Time Theft: How Hidden and Unplanned Work Commit the Perfect Crime
Invisible work competes with known work. Invisible work blindsides people, leaving teams unaware of mutually critical information, until it’s too late.
Married to this problem, is the question, how does one plan for, or allocate capacity for the invisible? It’s tough to analyze something you can’t see. Incognito work doesn’t show up in metrics. Hidden work stalls and blocks important priorities and masks dependencies. Risk accumulates from work delivered late and started late.
The solution is to put conditions in place that allow unplanned work to be seen and measured -- particularly high risk work involving far-reaching decisions. This talk shows you how to do just that.
Chapters
Full transcript
The complete talk, organized by section.
Dominica DeGrandis
So it's been my pleasure for many years now to help people make their work visible. I teach teams how to see and how to measure the problems that prevent them from getting things delivered. And it doesn't matter if it's a 50-person startup in LA or a 150,000-person company in Amsterdam, everyone suffers from time theft.
So I want to provide you with some countermeasures today for how to deal with these thieves that rob us of our time.
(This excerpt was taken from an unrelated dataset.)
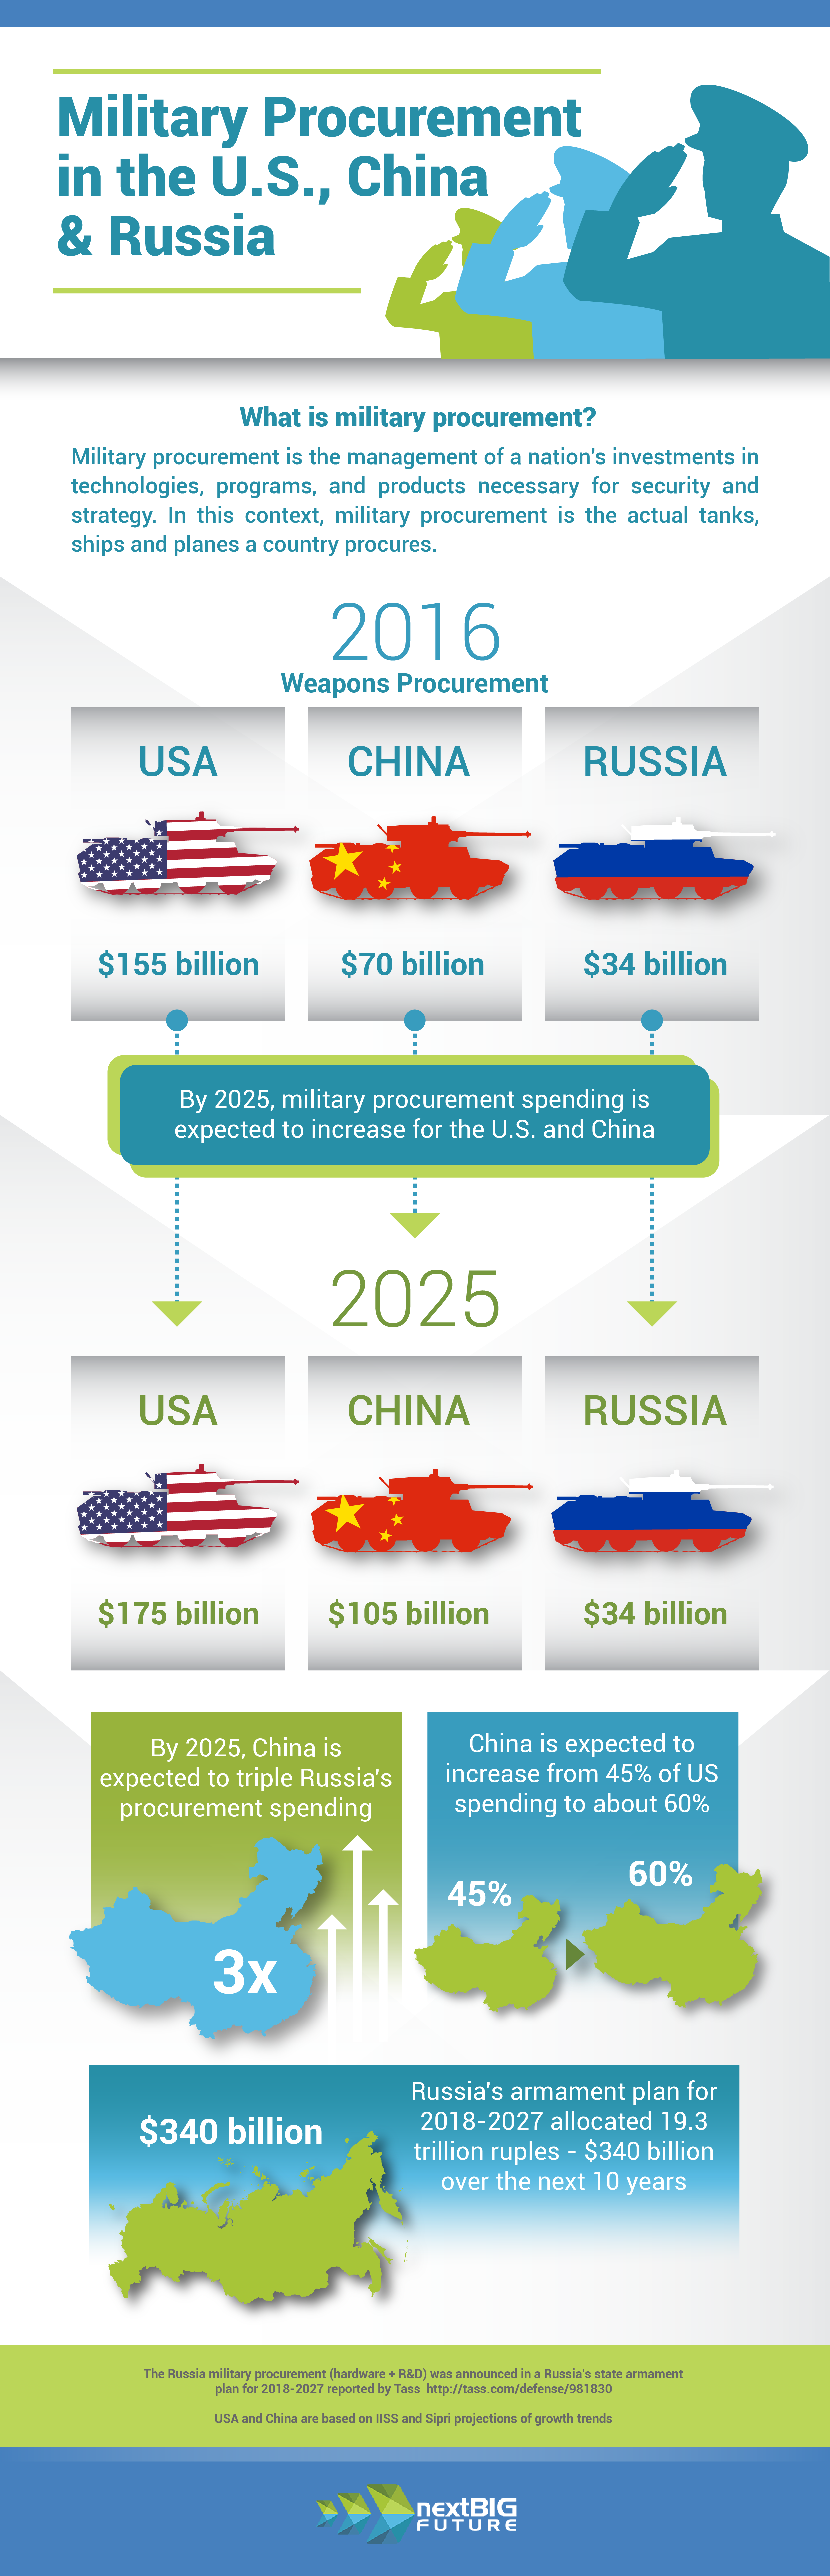 US vs China vs Russia: Who’s Winning the Military Procurement Race - Infographic

There's a reason our offices are plastered with whiteboards. We are visual learners. And when we can bring our visual sense to solving problems, we can get clarity, and it's easier to make decisions.
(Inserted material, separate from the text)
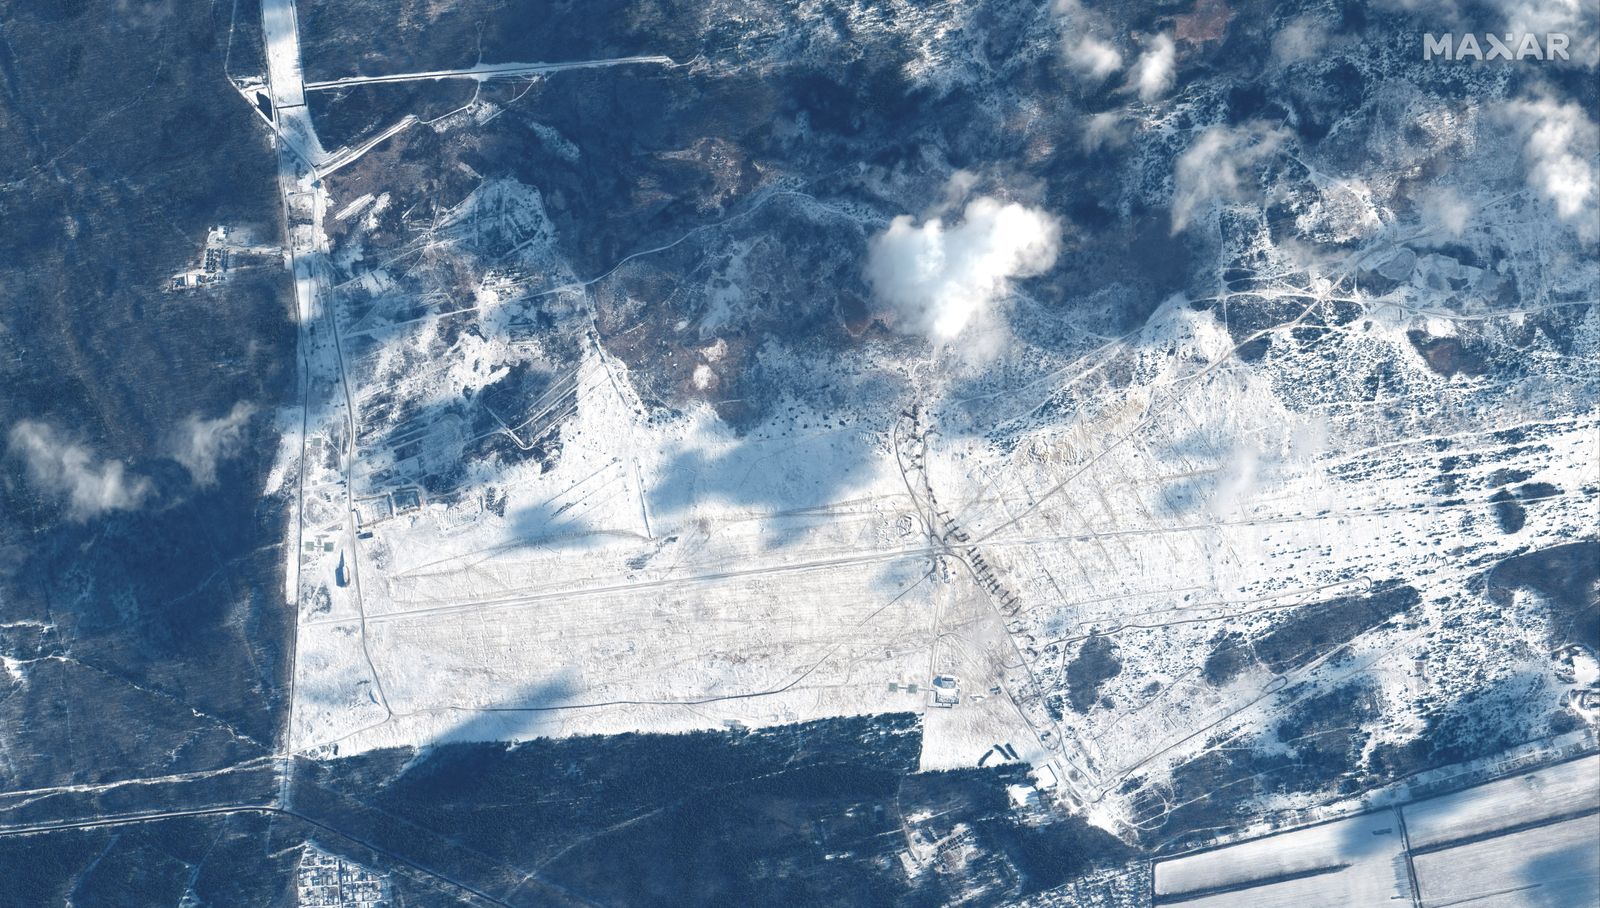 An overview of the Brestsky training ground, Belarus is seen in this Maxar satellite image taken on January 22, 2022 - via REUTERS

So let's have a look at how to make these thieves visible so we can do something about it.
There are five thieves that, if we could see and measure the impact of, could help us improve our performance. And by that, I mean reduce our cycle time and be more predictable.
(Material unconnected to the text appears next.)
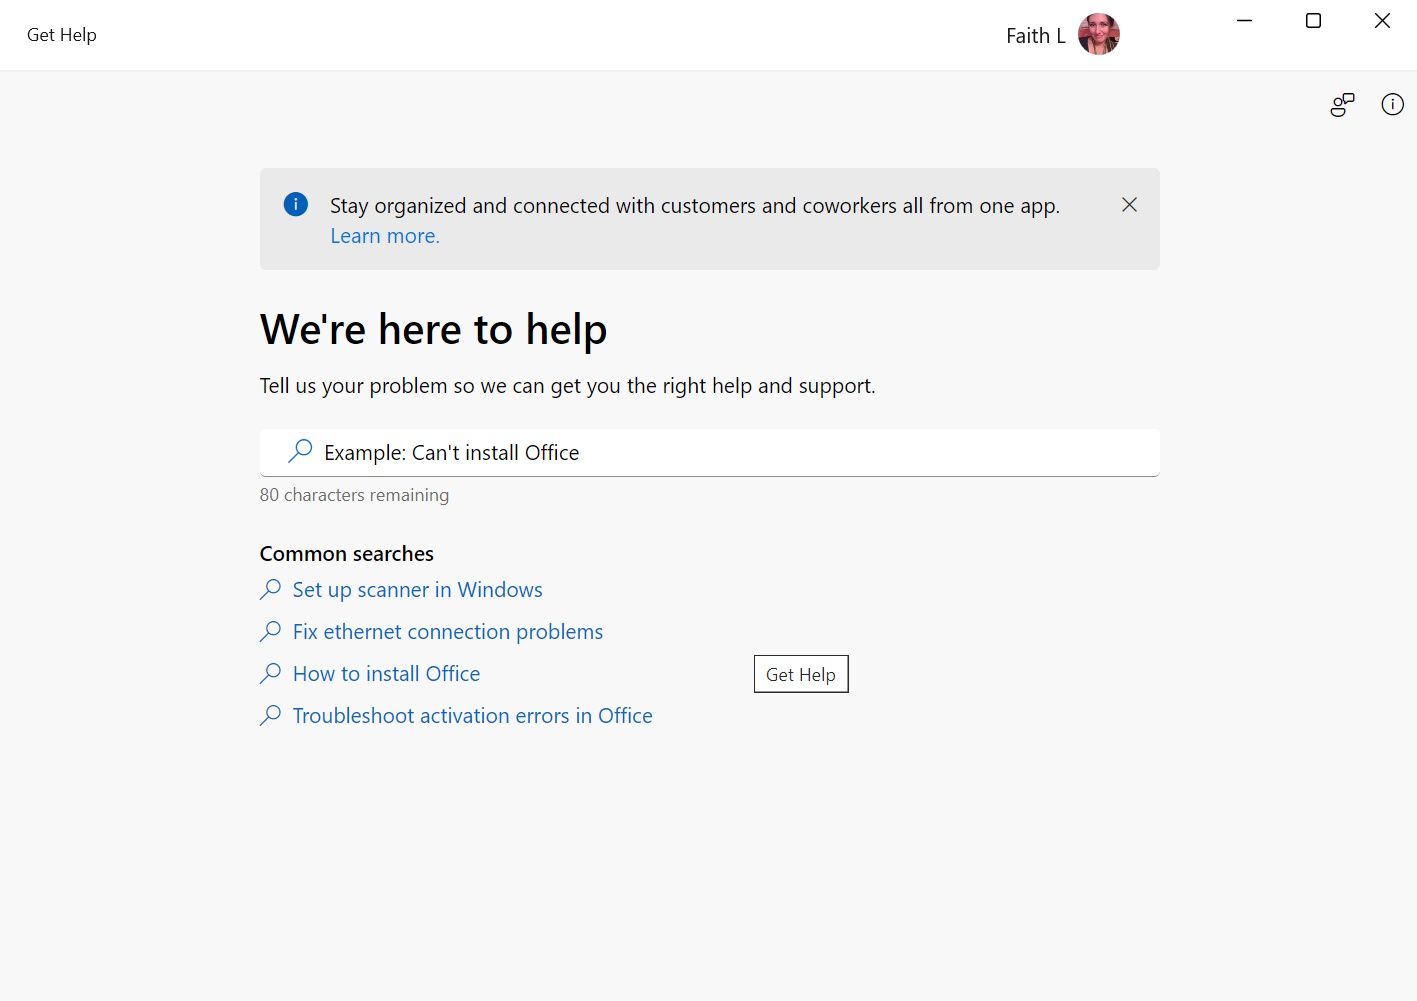 Home page of the Get Help Windows app

There's unplanned thief in yellow on the left. This is a sneaky thief. These turn into fires.
Neglected work in blue there. These are important things, but they tend to get benched by urgent work.
Unknown dependencies: these are the ones that have a high coordination cost, and they are very, very expensive.
Conflicting priorities: this is when Brent says yes to everything.
Thief too much WIP: this is the ringleader of all the other thieves.
Now, because I'm under a time constraint here of 30 minutes, I need to prioritize. So for each thief, I'm just going to give you one essential bit of info that you need to know. It'll be sort of like a crash course in what I teach people.
So now that I've introduced you properly to all the five thieves, let's take a look at the ringleader, the first item, the first thief, and that's too much WIP.
In textbook terminology, too much WIP is when the demand on the team exceeds the team's capacity. It's a rather boring way to say that our teams are drowning in work, and it's often because they're fully allocated to 100% resource utilization.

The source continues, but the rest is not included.